We live in
a country that was founded on freedom. We
believe in the freedom of speech, religion, and to live the way we wish as long
as there’s no harm done to ourselves or anyone else. Being a country that is based on freedom
gives us certain liberties that should never be taken away from us.
In recent
decades, with the development of new technologies, much of our freedom has been
slowly taken. We can no longer walk down
a street without the likely possibility that we are being watched through the
glass eye of a camera; whether it is on the side of a building or on a
satellite that we cannot even see looking back at us. We can no longer drive a car somewhere and
have the easy feeling that we are alone on our trip. We receive tickets in the mail for
unknowingly barely making a red light, when no one was even present at the time
it happened (or so we thought). Money
transactions leave a digital trail of breadcrumbs wherever we go. People are filed into demographics for
companies to advertise to based on where they go and what they do with their
phones. With recent advancements in
technology, it is nearly impossible to go anywhere or do anything outside of
our own homes without someone being able to find out exactly where we are or
what we are doing.
Now, this
statement is not entirely true. The
government not only has the power to monitor our public lives, but also our
private lives. The United States
government has resorted to filtering through, watching, and listening to the
things we do on the Internet and on our phones.
Before, we were aware of some of the ways we were being watched while in
public. Now, we are not only being
watched in public, but the data we access and the conversations we have inside
our own homes are being monitored.
Having an
Internet Terms of Service takes away an even greater portion of the freedom we
have been promised. By agreeing to this
Terms of Service, we give government agencies such as the NSA open permission
to monitor our activity on the Internet.
America, being a country that was founded on freedom of the people,
should not be a nation full of citizens who are forced to give their government
permission to monitor their data, watch their every move, and listen to their
every conversation 24/7.
Perhaps the
most important reason that we should not have to be forced to give our
government the open invitation to watch what we are doing on the Internet has
to do with the way the law works. Many actions
in politics and law are taken based on the idea of precedence. When a judgment is decided in a court case,
precedence is set. Cases thereafter that
are similar to that first one are very likely to have the same outcome because
the people involved will look back on how it was dealt with before. This in turn shapes the ideas of society as a
whole, as they grow on top of each other as time goes on. The infringements on our freedoms over the
recent decades have not happened all at once.
Tiny steps have been taken by those who oversee the laws and practices
of the government towards slipping our freedoms slowly out from under us. Whether this has been intentional or just by
circumstance is irrelevant, but stepping-stones have been set, leading our
country astray from the path of democracy.
An Internet
Terms of Service will set a large precedent for the relationship between our
government and its people.

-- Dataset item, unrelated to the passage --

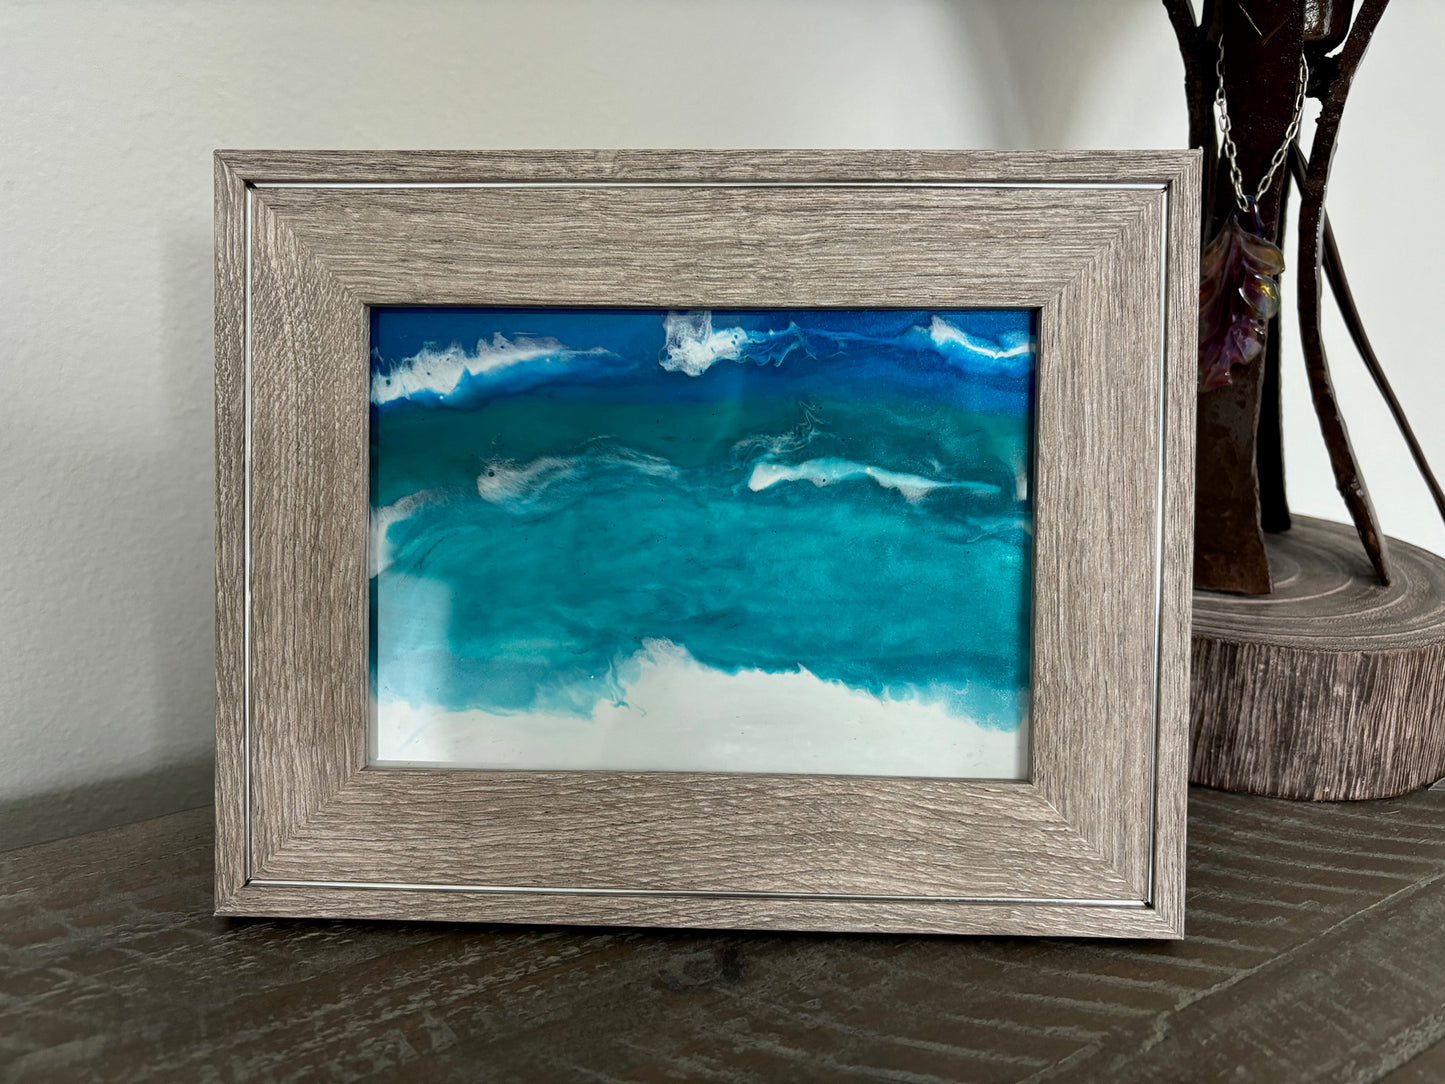 <p>I did a resin ocean scene on the glass of a photo frame. Beautiful turquoise, teal and blue water dance among the white foamy waves and white sand beach. Just like here in Panama City Beach!<Can easily hang or sit./p> <p>The resin is UV Resistant.</p> <p>The frame is a brownish/gray and has a line of silver around the whole frame.</p> <p>Overall size of the frame is about 9.5 x 7.75 inches.&nbsp; The glass is approximately 7 x 5 inches.</p>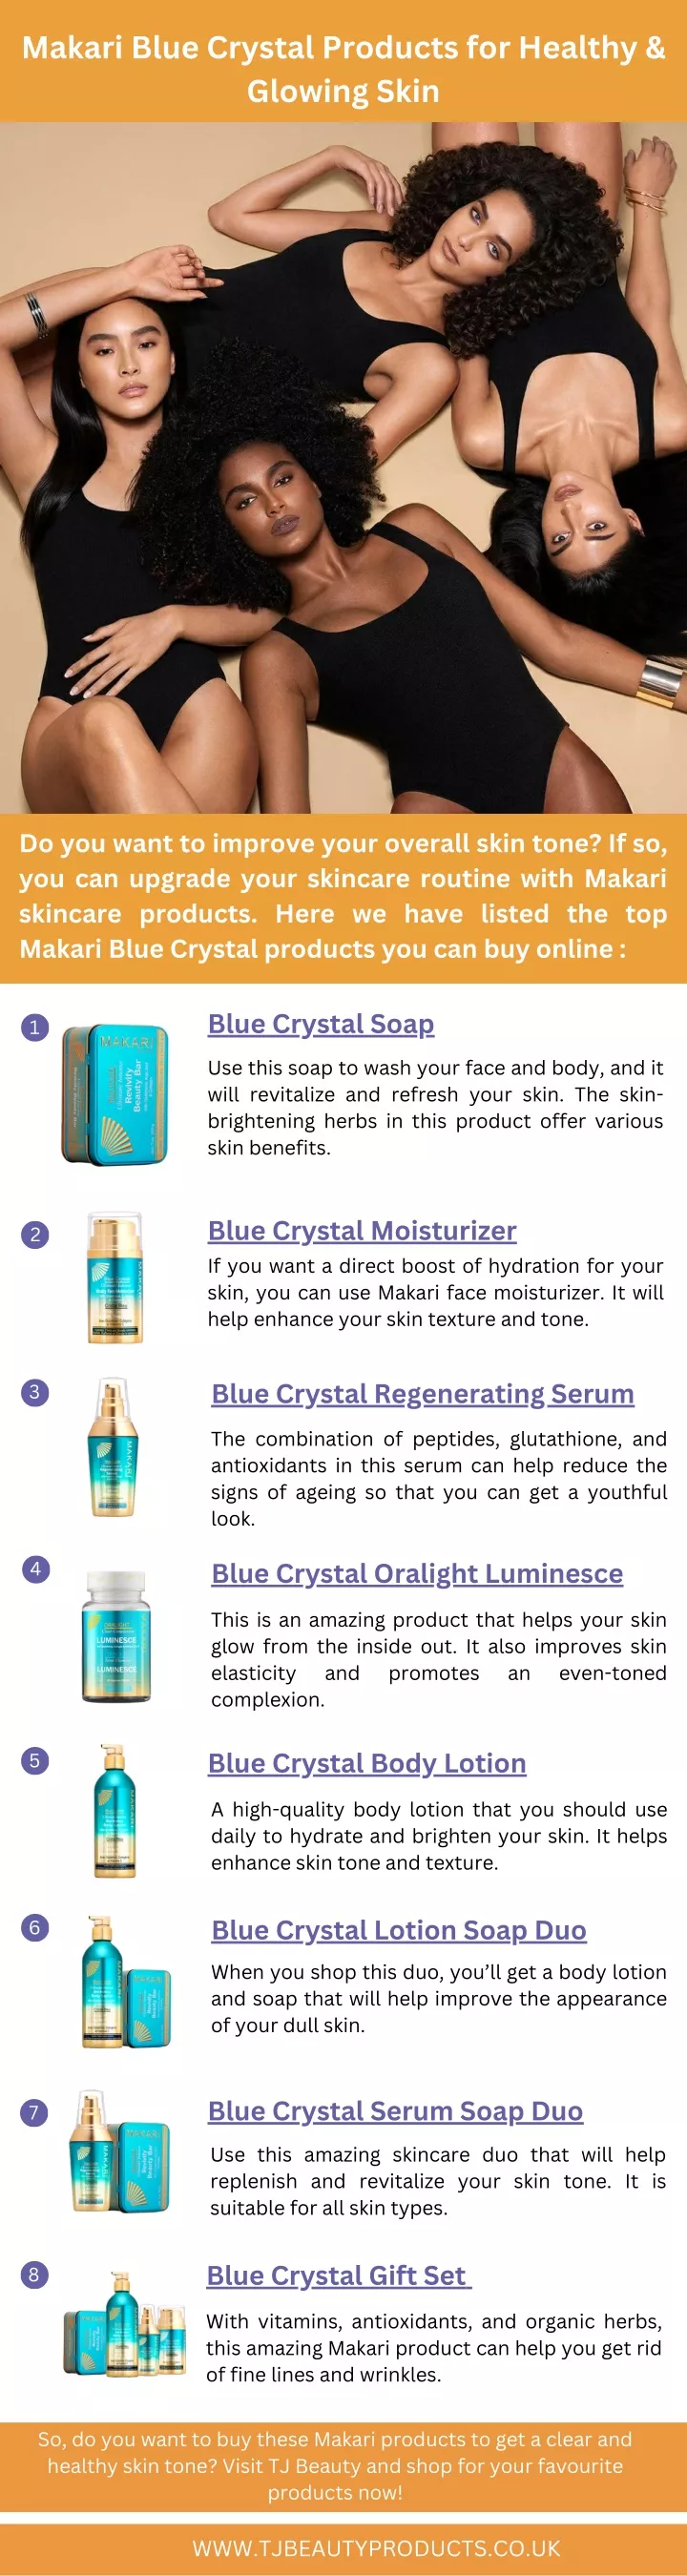 makari blue crystal products for healthy glowing

It is said, “If
you give a mouse a cookie, he’ll want a glass of milk.” The eerie question lurking in the backs of
the citizens of this country’s minds (or at least should be) is this: what
comes next? If in fact we are forced to
agree upon this Terms of Service, what is the next step that our government
will take in order to infringe on our privacy?
“When the people fear the government there is tyranny,
when the government fears the people there is liberty.”